My name is Amalia and I am a doctoral candidate at the University of Maryland, College Park. I am looking forward to being a part of RRSI2014, and getting to know more about the exciting projects that participants work on.
My research focus is on the Jewish communities in the Ottoman Empire, particularly during the 19th century. I use these communities as a starting point in order to examine how new methods and tools historians use in their research affect scholarship. Although my background is history, I am currently doing my Ph.D. in Information Studies, thus I am interested to see the role of archives, museums, and libraries in this evolving landscape.

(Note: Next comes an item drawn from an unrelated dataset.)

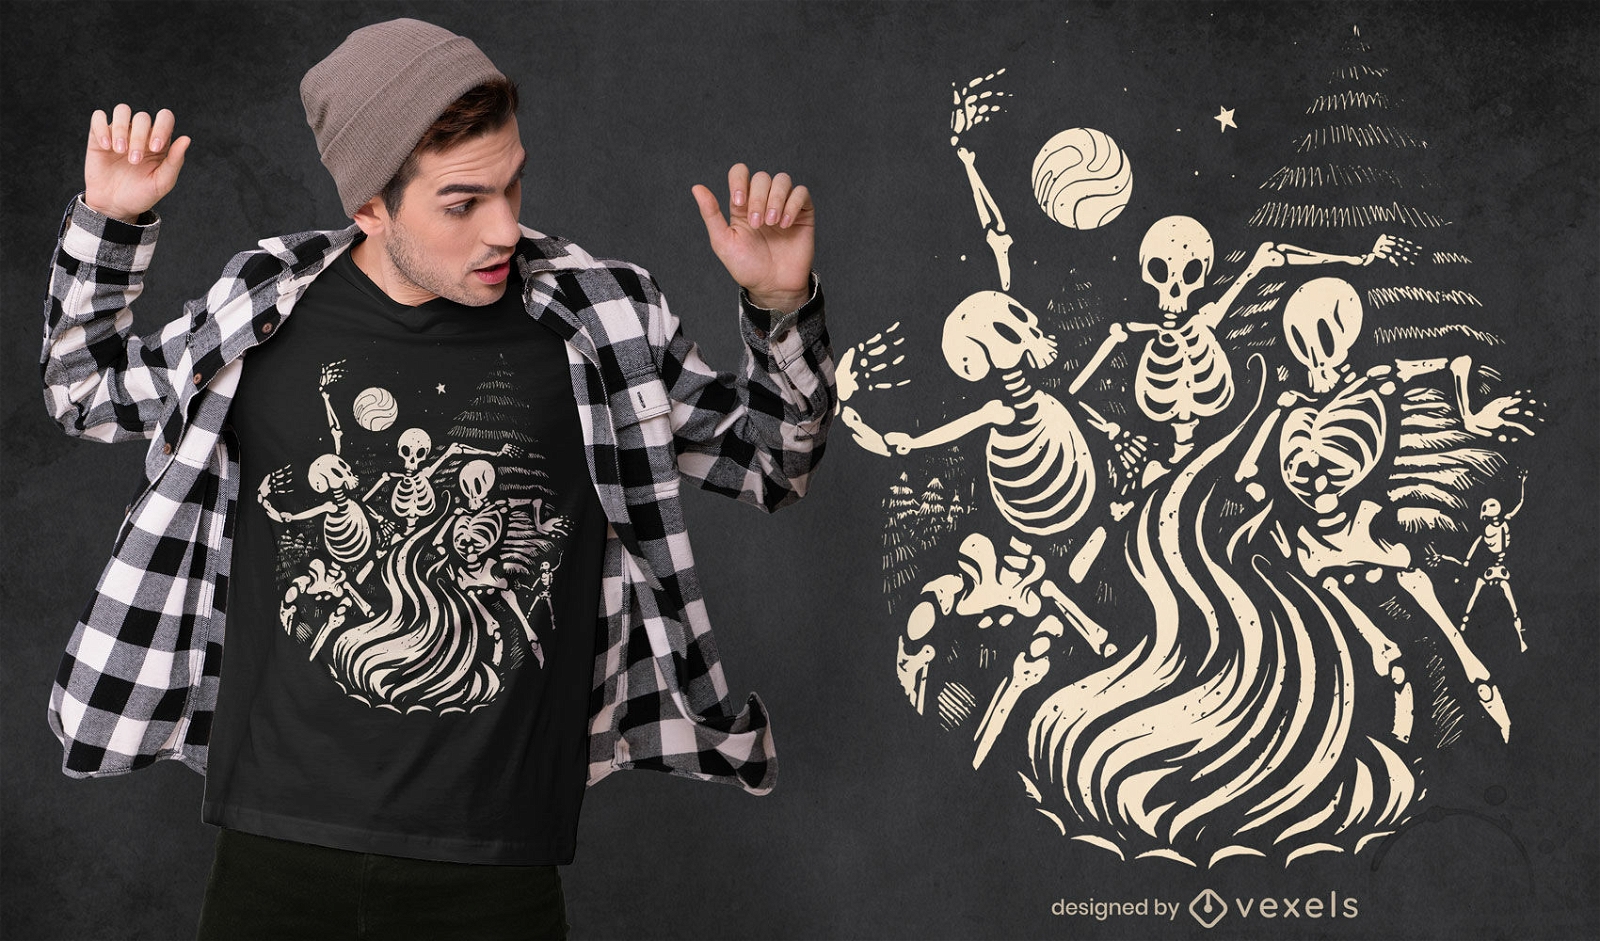 Skeletons dancing on bonfire t-shirt design

A topic that I am particularly interested in is the concept of “big data” that has gained recently popularity in humanities research. Current literature on big data examines challenges and issues that arise in big data research through a scientific or social sciences lens. Such literature discusses challenges in regards to the 5 Vs of “big data”, while there are issues particular to humanities scholarship that need to be considered. Furthermore, studies do not examine how to synthesize analog or digitized cultural heritage material, born-digital and web resources.
Current efforts in humanities big data research focus mostly on large corpora of digitized archival holdings (for example, Old Bailey, 1918 Influenza), projects created with materials that have been digitized in ways that make them amenable to computational mining. Most are projects with collections that are brought together online, an effort that requires institutional involvement and commitment. Other projects are based on already born-digital material. Such materials though rarely coalesce with traditional archival material to form a coherent historical narrative. While it is relatively straightforward (or rather, doable) to apply distant reading to such material, it is not so when one has to start out with material that exists in an analog world, material that most times do not even get prioritized for digitization.
In my dissertation I would like to explore how we can start out from existing “small data” (i.e., holdings in cultural heritage institutions) and use emerging linking techniques in order to create “retrospective” big data, i.e., extract entities that inherently exist in cultural heritage collections. This raises the point of which the unit of analysis in humanities big data is: is it the record (e.g., the archival document or museum object) or is it the entity therein (the mention of a person, a place, an organization etc.). Extracting such entities from cultural heritage material requires novel approches. One point then that I would like to research in my dissertation is this process. And as I mentioned above, I would like to use the Jewish communities in the Ottoman Empire as the case study.